Based on the downhole hydraulic jetting assembly 50 described
above, a unique method of forming a wellbore may be conducted. The
method, in one embodiment, includes: running a jetting hose into a
horizontal section of a parent wellbore using a conveyance medium,
the jetting hose having a nozzle at a distal end; injecting a
jetting fluid through the jetting hose and connected nozzle while
advancing the jetting hose and connected nozzle into a surrounding
formation, thereby forming a first lateral borehole off of the
horizontal section from a first wellbore exit location; withdrawing
the jetting hose and connected nozzle from the first lateral
borehole at the first wellbore exit location, and re-locating the
nozzle to a second wellbore exit location (either by placing a
whipstock at a different depth, or by placing the whipstock at the
same depth but at a different angular orientation) in the same
trip; and injecting a jetting fluid through the jetting hose and
connected nozzle while advancing the jetting hose and connected
nozzle into the surrounding formation, thereby forming a second
lateral borehole off of the horizontal section from the second
wellbore exit location.
In this method, advancing the jetting hose into each of the lateral
boreholes is done at least in part through a hydraulic force acting
on a sealing assembly along (such as at an upstream end of) the
jetting hose. Further, the jetting hose is advanced and
subsequently withdrawn without coiling or uncoiling the jetting
hose in the wellbore.
In one embodiment, advancing the jetting hose into each of the
lateral boreholes is further done through a mechanical force
applied by rotating grippers of a mechanical tractor assembly
located within the wellbore, wherein the grippers frictionally
engage an outer surface of the jetting hose.

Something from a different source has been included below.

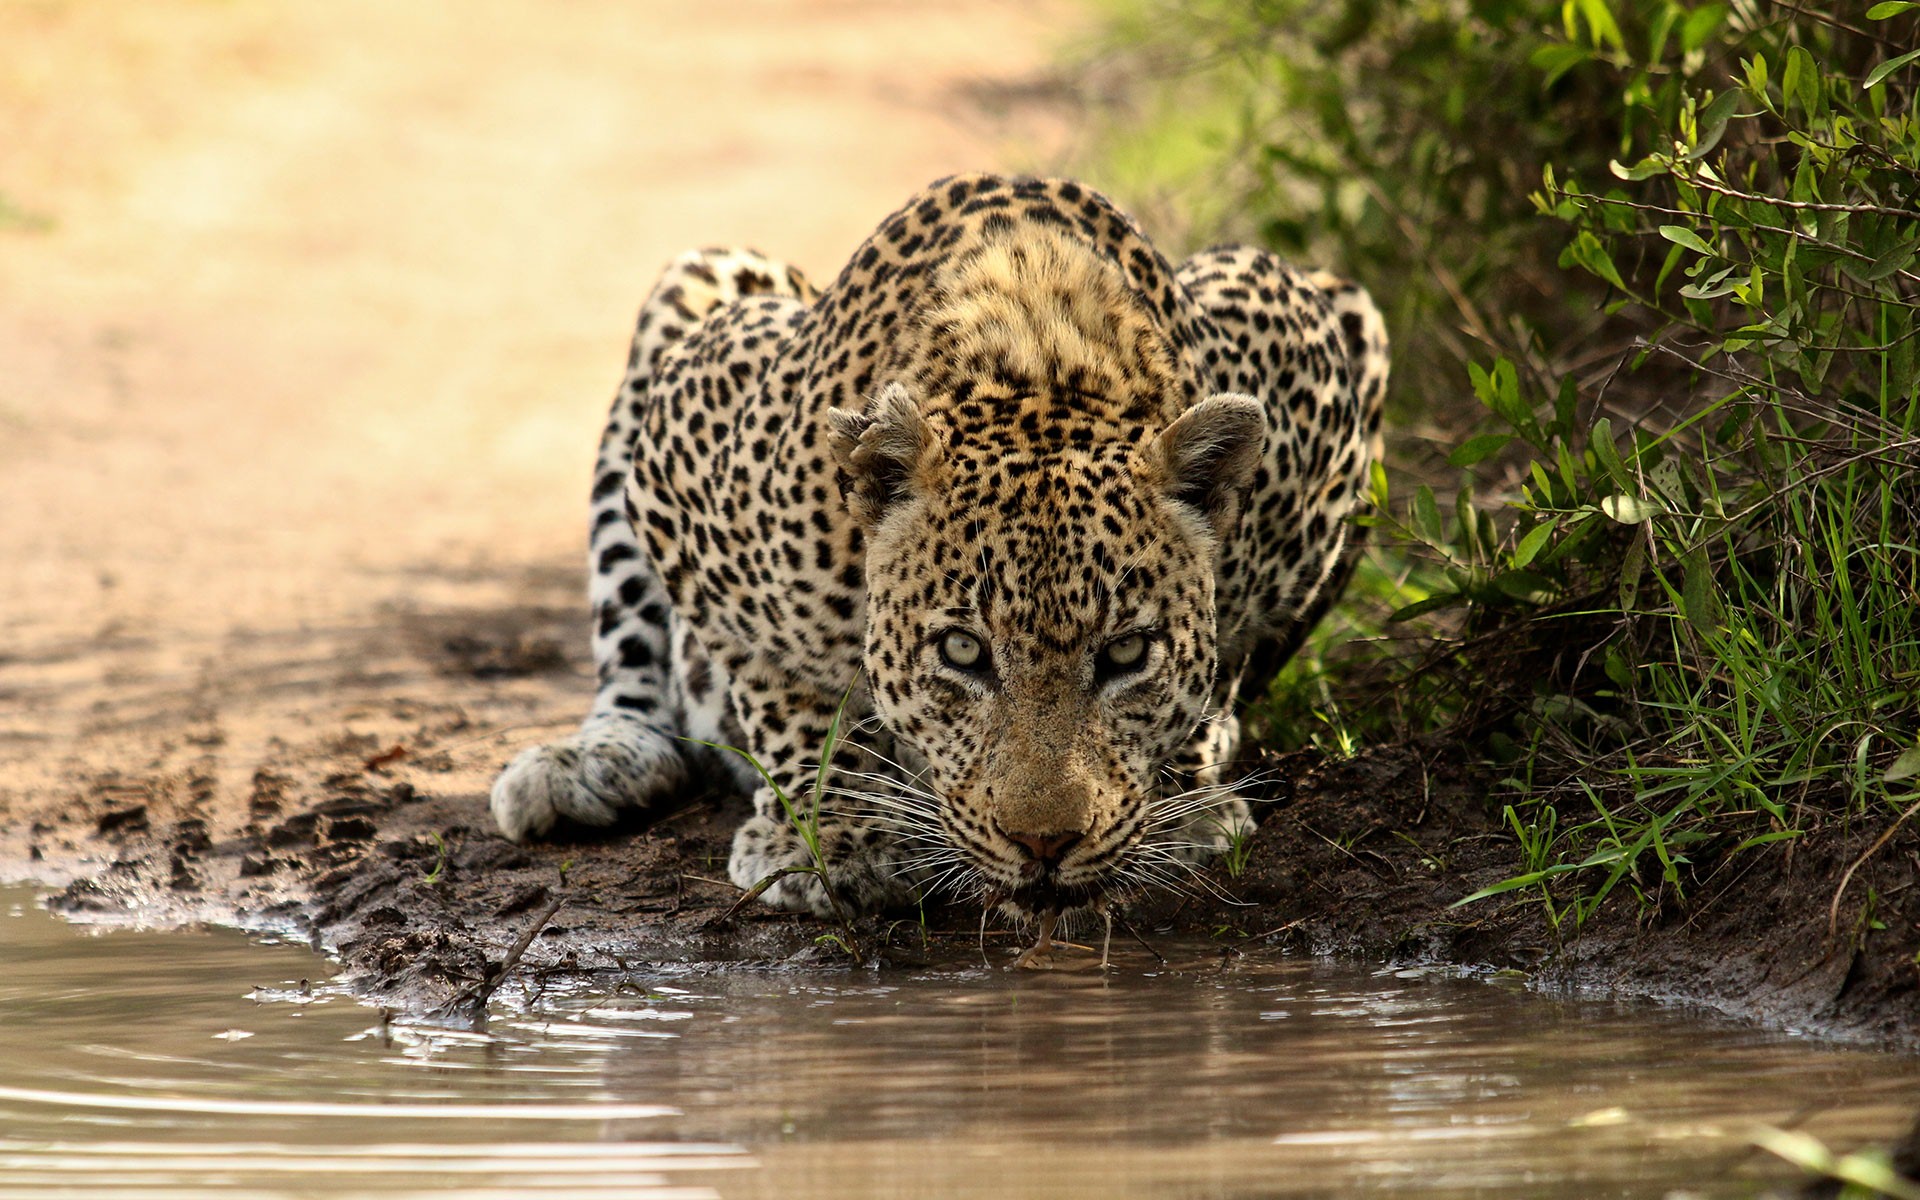 Leopard Drink Water In Kruger National Park South Africa - Kruger National Park Leopard - HD Wallpaper

In another embodiment, advancing the jetting hose into each of the
lateral boreholes is accomplished by forward thrust forces
generated from flowing jetting fluid through rearward thrust jets
located in the jetting assembly. These rearward thrust jets are
specifically located in the jetting nozzle, or in a combination of
the nozzle and one or more in-line jetting collars strategically
located along the jetting hose. Preferably, the nozzle permits a
flow of the jetting fluid through rearward thrust jets in response
to a designated hydraulic pressure level. In this instance, the
flowing of fluid through the rearward thrust jets is only activated
after the jetting hose has advanced into each borehole at least 5
feet from the parent wellbore. The additional rearward thrust jets
located in the in-line jetting collar(s) are then activated at
incrementally higher operating pressures, typically when the
jetting hose has been extended such a significant length from the
parent wellbore that the rearward thrust jets within the nozzle
alone can no longer generate significant pull force to continue
dragging the full length of jetting hose along the lateral
borehole.
In a related aspect, the method may include monitoring tensiometer
readings at a surface. The tensiometer readings are indicative of
drag experienced by the jetting hose as lateral boreholes are
formed. In this instance, the flowing of fluid through the rearward
thrust jets is activated in each of the plurality of boreholes in
response to a designated tensiometer reading.